If you’re a daily driver using cloud models: Claude Code. The out-of-box experience with Sonnet/Opus is hard to beat. Sub-agents, specialized search tools, and the permission system save you from building infrastructure that’s already built. The $100/month Max plan is the sweet spot.

If you want maximum control and enjoy building tools: PI Agent regardless of whether you use local or cloud models. The extension system is the deepest in any coding agent. Armin Ronacher (creator of Flask) uses PI “almost exclusively.” Tobi Lutke calls it “the most interesting agent harness.”

If you work on a team or in an enterprise: Claude Code. PI has no team features, no audit trail, no managed deployment.

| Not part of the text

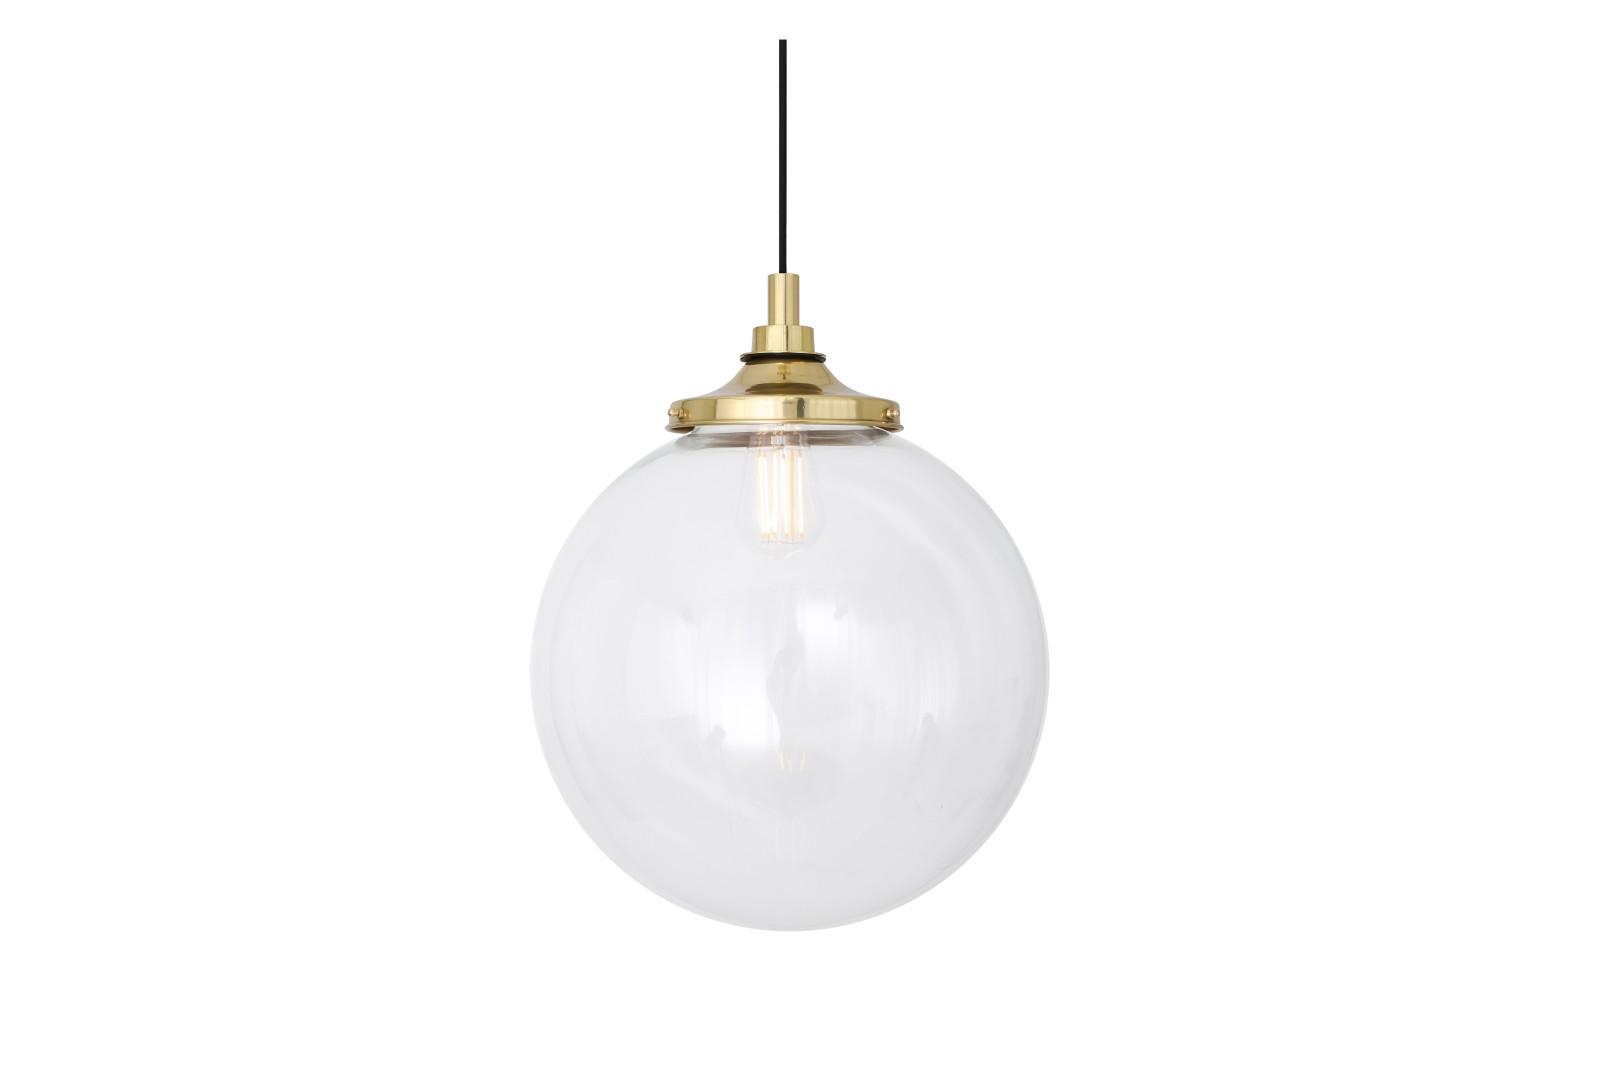 Laguna 35 cm Pendant Light Polished Brass

If you want the hybrid (and you probably should): Use PI + local models for the 80% of routine coding tasks that don’t need frontier intelligence. Keep a Claude Code Pro plan ($20/month) for the 20% that does. That’s $240/year in cloud costs plus a one-time GPU investment, instead of $1,200-2,400/year for full Claude Code.

User Type	Pick	Why
Budget hardware, local-only	PI Agent	Zero cost, maximum context for local models
Privacy/security-critical	PI Agent	Nothing leaves your machine
Power user, likes customizing tools	PI Agent	50+ extension hooks, full harness control
Daily driver, cloud models	Claude Code	Best out-of-box experience, best model quality
Team/enterprise	Claude Code	SSO, audit, managed plans
Hybrid (80/20 local/cloud)	PI for routine + Claude for hard problems	Best of both, lowest total cost

Getting started

PI Agent + Ollama:

npm install -g @mariozechner/pi-coding-agent
ollama pull qwen3.5:35b-a3b

See the full PI + Ollama setup guide for config files and model recommendations.

Claude Code:

npm install -g @anthropic-ai/claude-code
claude

Requires an Anthropic API key or Claude Pro/Max subscription.

The hybrid setup:

Install both. Use PI for daily coding with your local model
Keep a Claude Pro plan ($20/month) for problems that stump the local model
Switch between them based on task difficulty

They’re different tools for different situations. Pick based on your hardware, your budget, and how much setup you’re willing to do.